Archive for energy based model

NCE, VAEs, GANs & even ABC…

Posted in Statistics with tags , , , , , , , , , , , , , on May 14, 2021 by xi'an

As I was preparing my (new) lectures for a PhD short course “at” Warwick (meaning on Teams!), I read a few surveys and other papers on all these acronyms. It included the massive Guttmann and Hyvärinen 2012 NCE JMLR paperGoodfellow’s NIPS 2016 tutorial on GANs, and  Kingma and Welling 2019 introduction to VAEs. Which I found a wee bit on the light side, maybe missing the fundamentals of the notion… As well as the pretty helpful 2019 survey on normalising flows by Papamakarios et al., although missing on the (statistical) density estimation side.  And also a nice (2017) survey of GANs by Shakir Mohamed and Balaji Lakshminarayanan with a somewhat statistical spirit, even though convergence issues are not again not covered. But misspecification is there. And the many connections between ABC and GANs, if definitely missing on the uncertainty aspects. While Deep Learning by Goodfellow, Bengio and Courville adresses both the normalising constant (or partition function) and GANs, it was somehow not deep enough (!) to use for the course, offering only a few pages on NCE, VAEs and GANs. (And also missing on the statistical references addressing the issue, incl. [or excl.]  Geyer, 1994.) Overall, the infinite variations offered on GANs leave me uncertain about their statistical relevance, as it is unclear how good the regularisation therein is for handling overfitting and consistent estimation. (And if I spot another decomposition of the Kullback-Leibler divergence, I may start crying…)
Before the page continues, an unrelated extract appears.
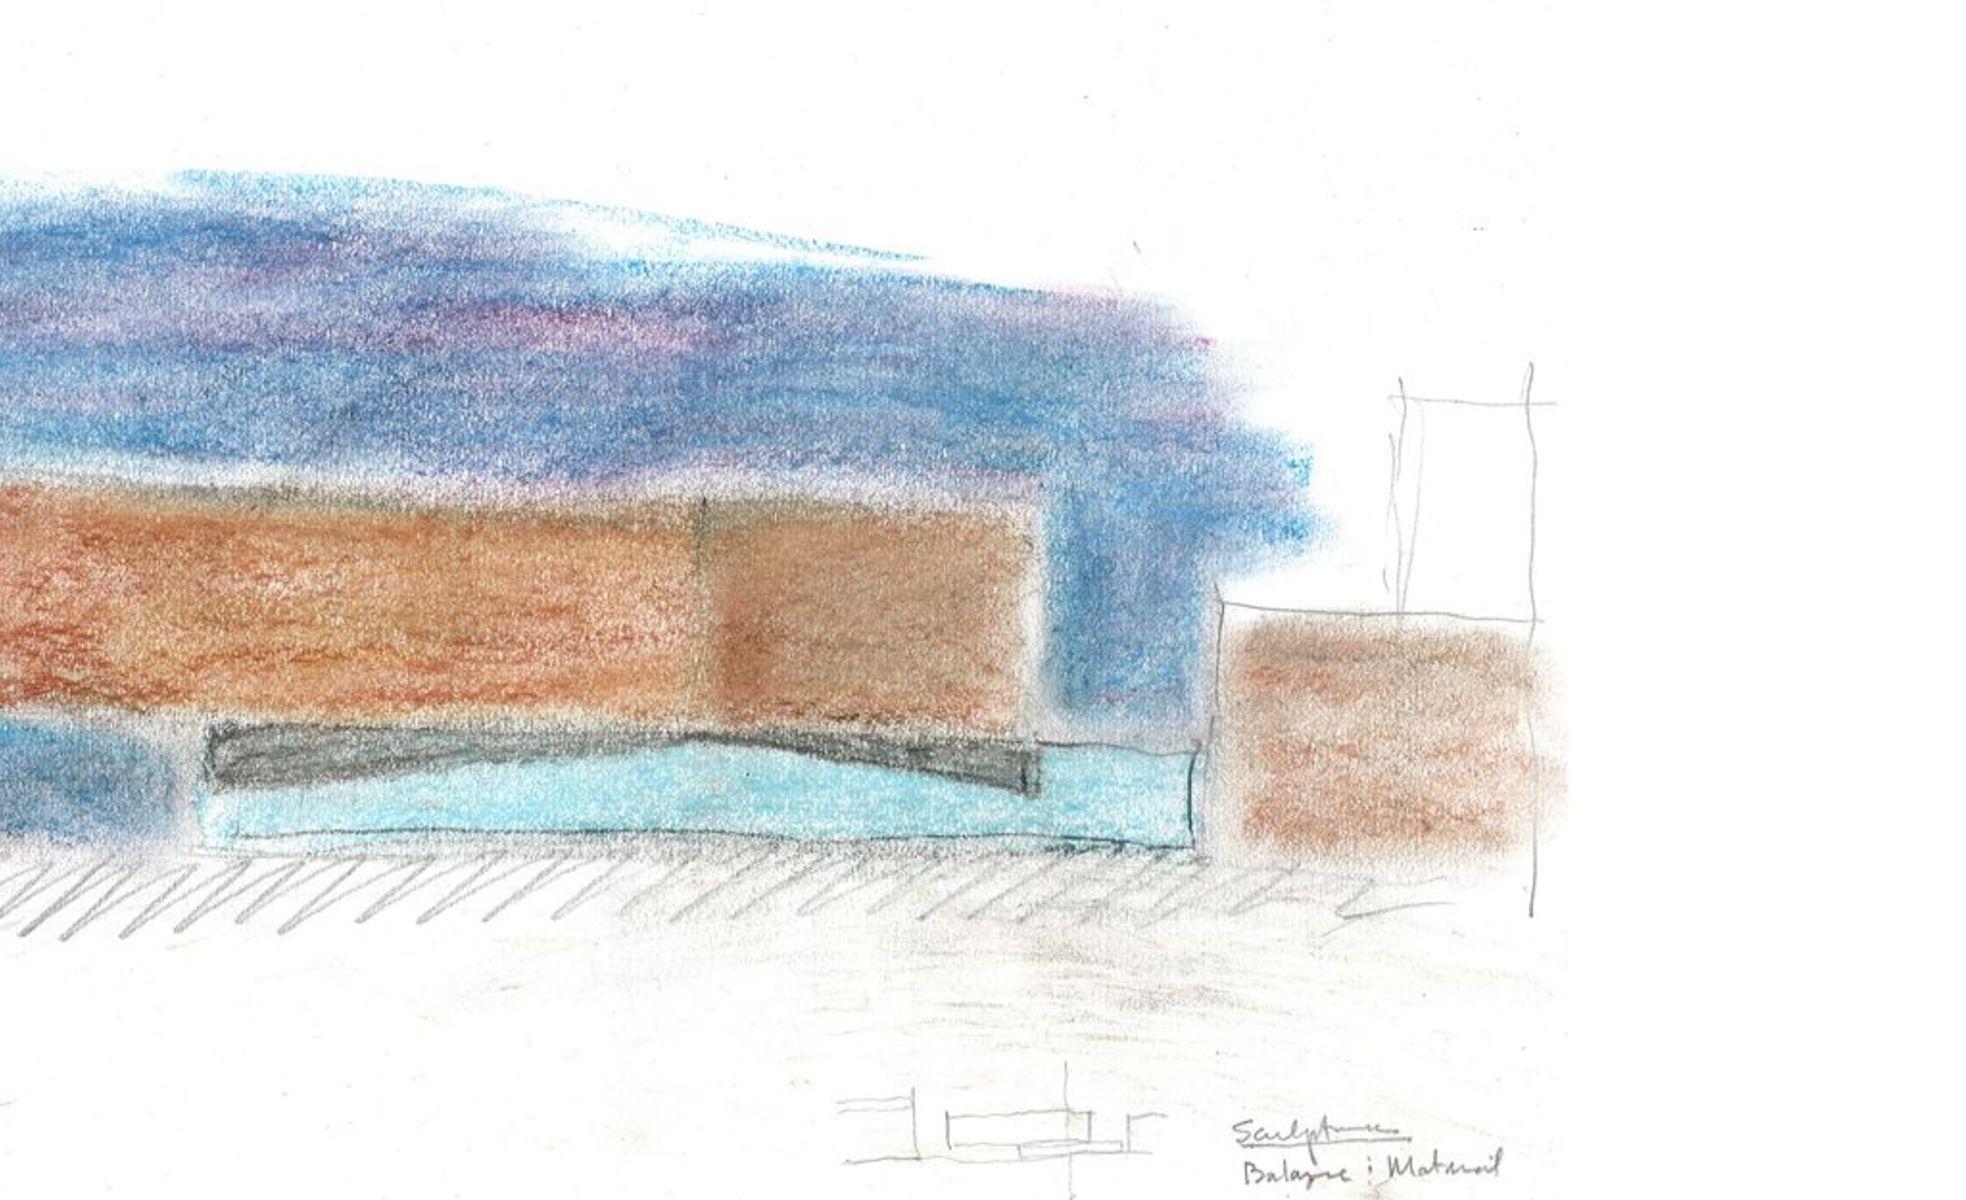 Ikon.5: McGee Art Pavilion a New York

training energy based models

Posted in Books, Statistics with tags , , , , , , , on April 7, 2021 by xi'an

This recent arXival by Song and Kingma covers different computational approaches to semi-parametric estimation, but also exposes imho the chasm existing between statistical and machine learning perspectives on the problem.

“Energy-based models are much less restrictive in functional form: instead of specifying a normalized probability, they only specify the unnormalized negative log-probability (…) Since the energy function does not need to integrate to one, it can be parameterized with any nonlinear regression function.”

The above in the introduction appears first as a strange argument, since the mass one constraint is the least of the problems when addressing non-parametric density estimation. Problems like the convergence, the speed of convergence, the computational cost and the overall integrability of the estimator. It seems however that the restriction or lack thereof is to be understood as the ability to use much more elaborate forms of densities, which are then black-boxes whose components have little relevance… When using such mega-over-parameterised representations of densities, such as neural networks and normalising flows, a statistical assessment leads to highly challenging questions. But convergence (in the sample size) does not appear to be a concern for the paper. (Except for a citation of Hyvärinen on p.5.)

Using MLE in this context appears to be questionable, though, since the base parameter θ is not unlikely to remain identifiable. Computing the MLE is therefore a minor issue, in this regard, a resolution based on simulated gradients being well-chartered from the earlier era of stochastic optimisation as in Robbins & Monro (1954), Duflo (1996) or Benveniste & al. (1990). (The log-gradient of the normalising constant being estimated by the opposite of the gradient of the energy at a random point.)

“Running MCMC till convergence to obtain a sample x∼p(x) can be computationally expensive.”

Contrastive divergence à la Hinton (2002) is presented as a solution to the convergence problem by stopping early, which seems reasonable given the random gradient is mostly noise. With a possible correction for bias à la Jacob & al. (missing the published version).

An alternative to MLE is the 2005 Hyvärinen score, notorious for bypassing the normalising constant. But blamed in the paper for being costly in the dimension d of the variate x, due to the second derivative matrix. Which can be avoided by using Stein’s unbiased estimator of the risk (yay!) if using randomized data. And surprisingly linked with contrastive divergence as well, if a Taylor expansion is good enough an approximation! An interesting byproduct of the discussion on score matching is to turn it into an unintended form of ABC!

“Many methods have been proposed to automatically tune the noise distribution, such as Adversarial Contrastive Estimation (Bose et al., 2018), Conditional NCE (Ceylan and Gutmann, 2018) and Flow Contrastive Estimation (Gao et al., 2020).”

A third approach is the noise contrastive estimation method of Gutmann & Hyvärinen (2010) that connects with both others. And is a precursor of GAN methods, mentioned at the end of the paper via a (sort of) variational inequality.